Ah, boundaries. They seem to have flown out the window since the pandemic hit. Working from home (ahem, living at work) can mean we’re ‘always on’, and of course there may be people in our lives who feel differently about abiding by the rules or what is considered ‘safe’ than we do. But setting boundaries is more important now than ever before. We can help prevent burnout by switching off at a certain time, removing people from our lives who make us unhappy (both on and offline), and setting a routine, and the same goes for writing. Fridays are my scheduled writing day, and Monday-Thursday I’m at the day job. When I have a deadline, I might squeeze some writing in after work or on a weekend, and when lockdown first happened, the days blended into one and I struggled to keep up a routine, but now I try to only write on Fridays and I feel much better for it.

Don’t lose yourself

At the beginning of lockdown, I tried to lose myself in my writing. I know I wasn’t alone in wanting to hide from this new, terrifying world, and I turned to writing in an attempt to distract myself from everything. But I ended up with a scrambled manuscript which just wasn’t working, and I realised that I’d been pouring everything I was feeling into it, expecting to be able to make sense of it all.

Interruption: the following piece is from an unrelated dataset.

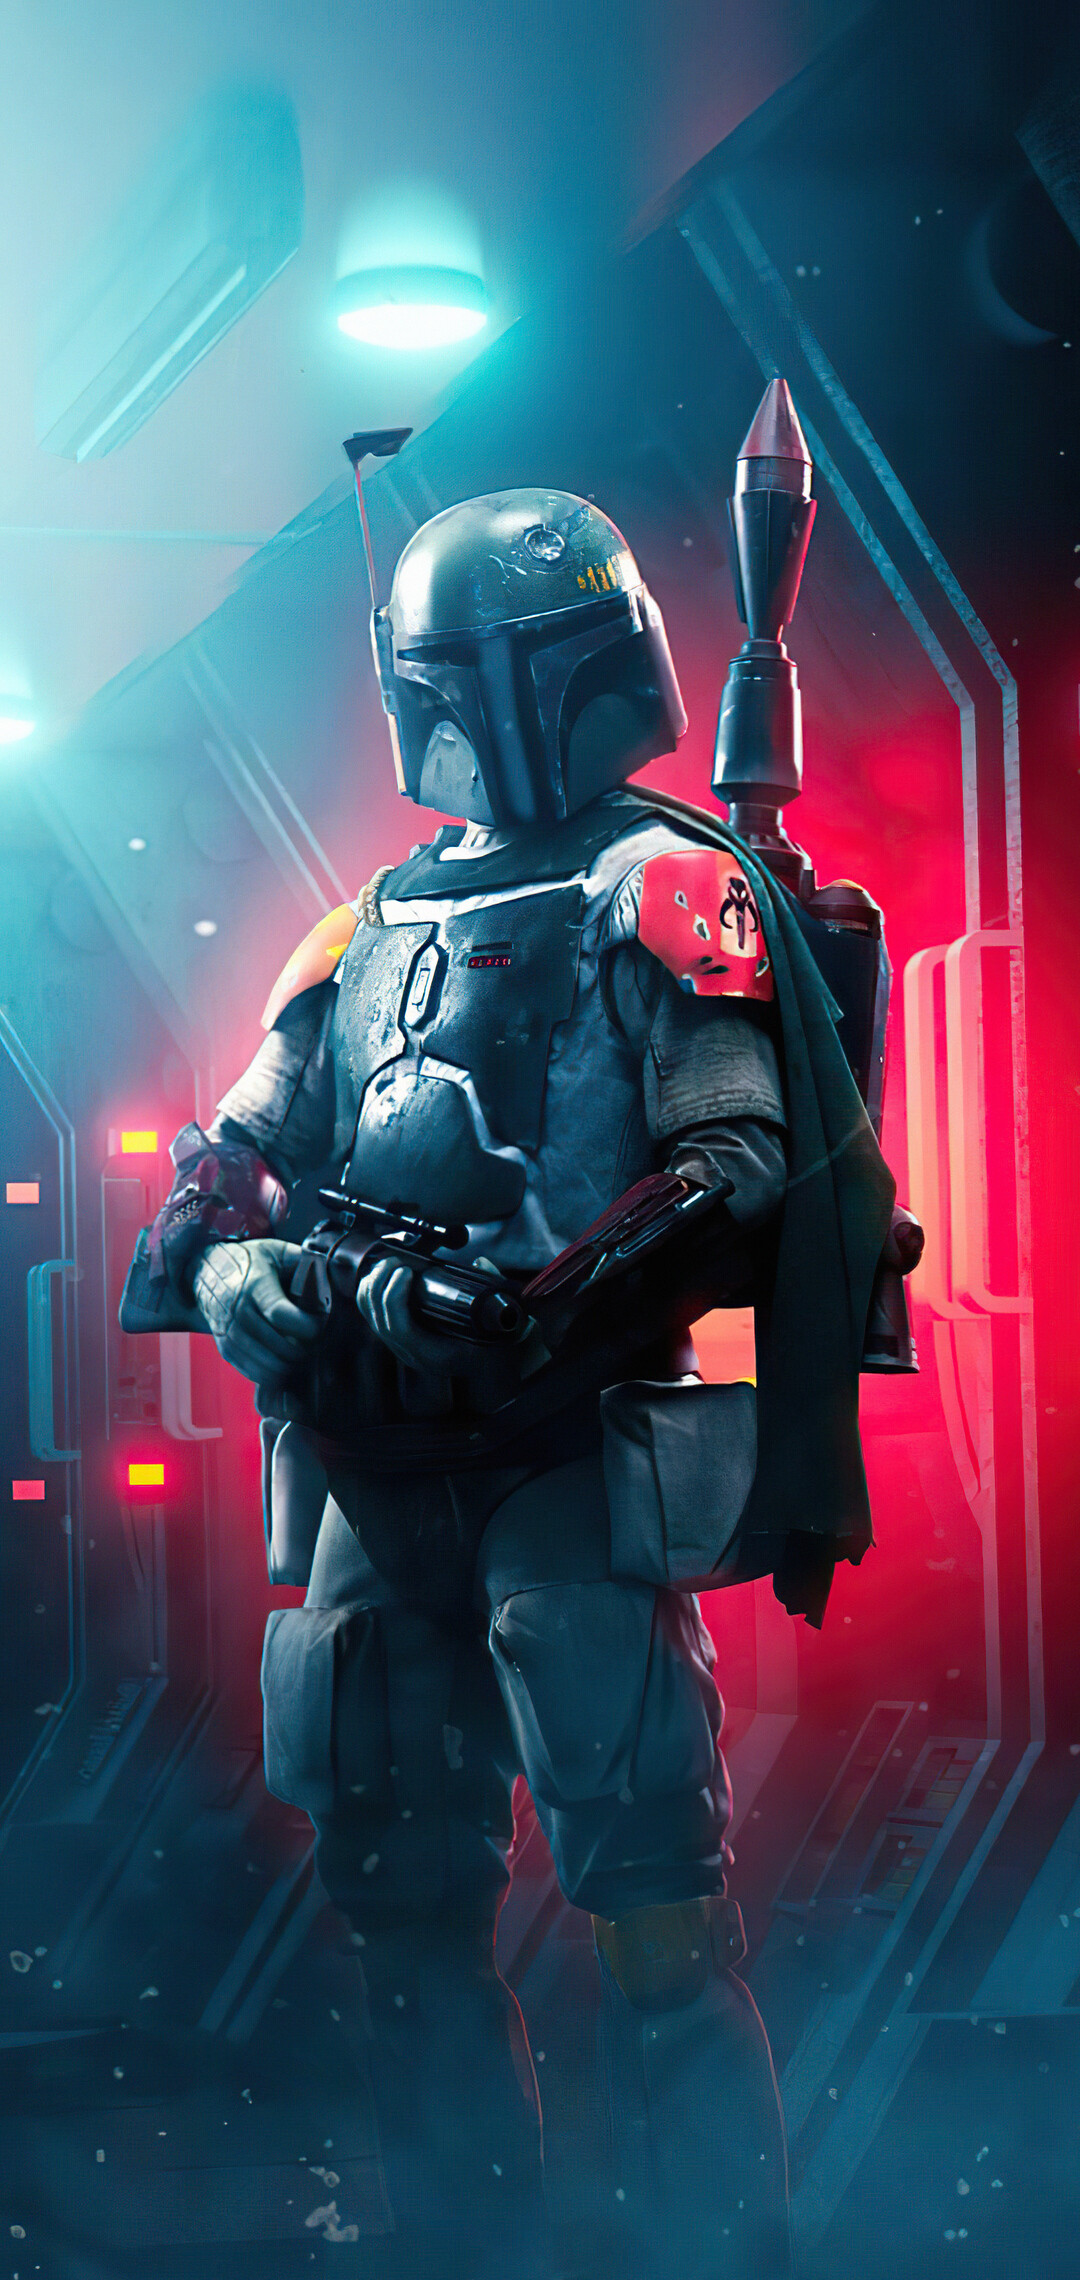 The Book of Boba Fett: Once regarded as one of the most fearsome and capable bounty hunters in the galaxy, Star Wars. 1080x2280 HD Wallpaper.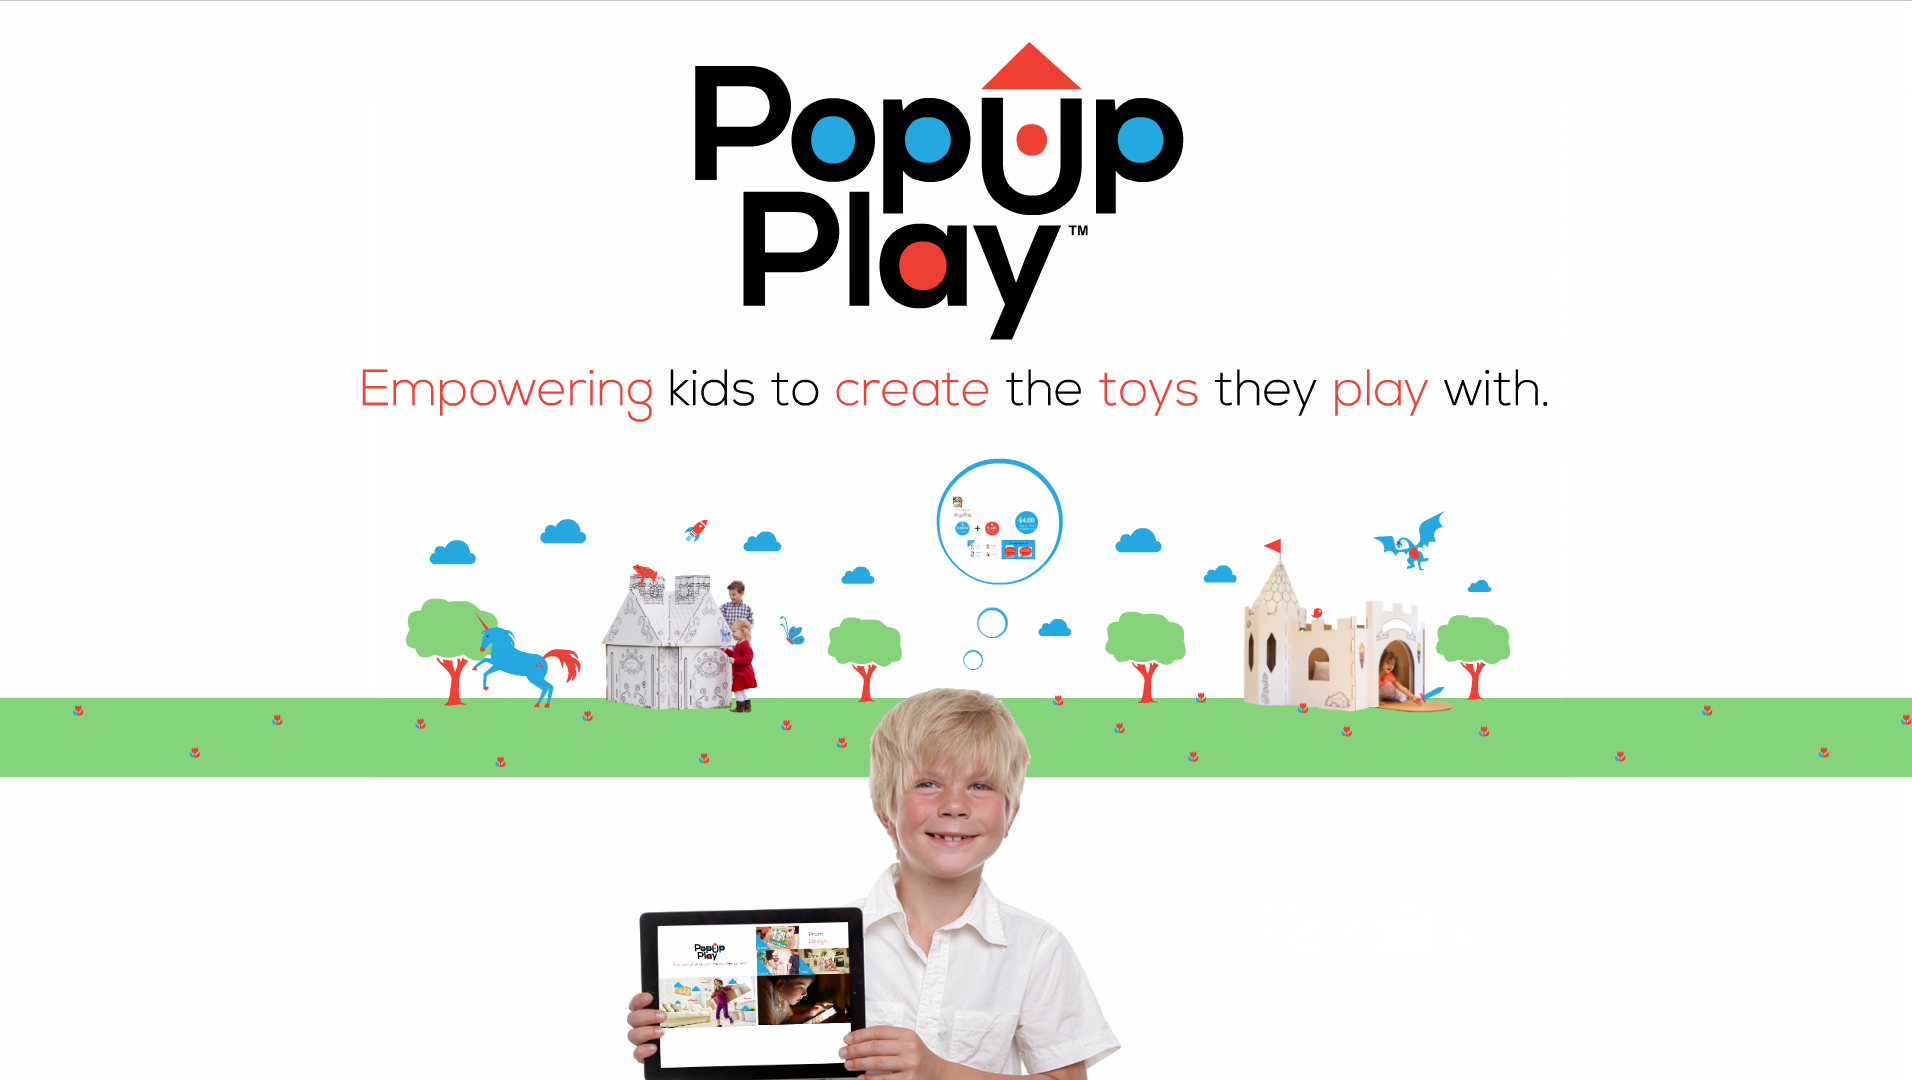 Screenshot from PopUp Play

But I wasn’t ready for that at the time, and it showed. So I started a new story, one which would become In the Dark, and which gave me what I needed.

My novels always contain a piece of me, usually something which I need to get out and process through my characters. The Diary came about when I was finally ready to talk about my own sexual assault. The Girl Across the Street and Girl, Lost feature domestic violence which I both experienced and witnessed as a child. The Wake came to me at a time when I was thinking a lot about death and the legacies we leave behind, and In the Dark was my way of exploring the ‘sins of the father’ and how sometimes our paths appear set in stone. I write best when I am trying to find something through my writing, instead of trying to hide inside it.


Back in 2017 when I finished writing what would become The Diary, I had no idea what was going to happen in the future. I’ve always loved reading and dreamt of being an author, so signing that first contract was the beginning of the career of my dreams. And although it has been a (sometimes steep!) learning curve, there’s still nothing I’d rather be doing.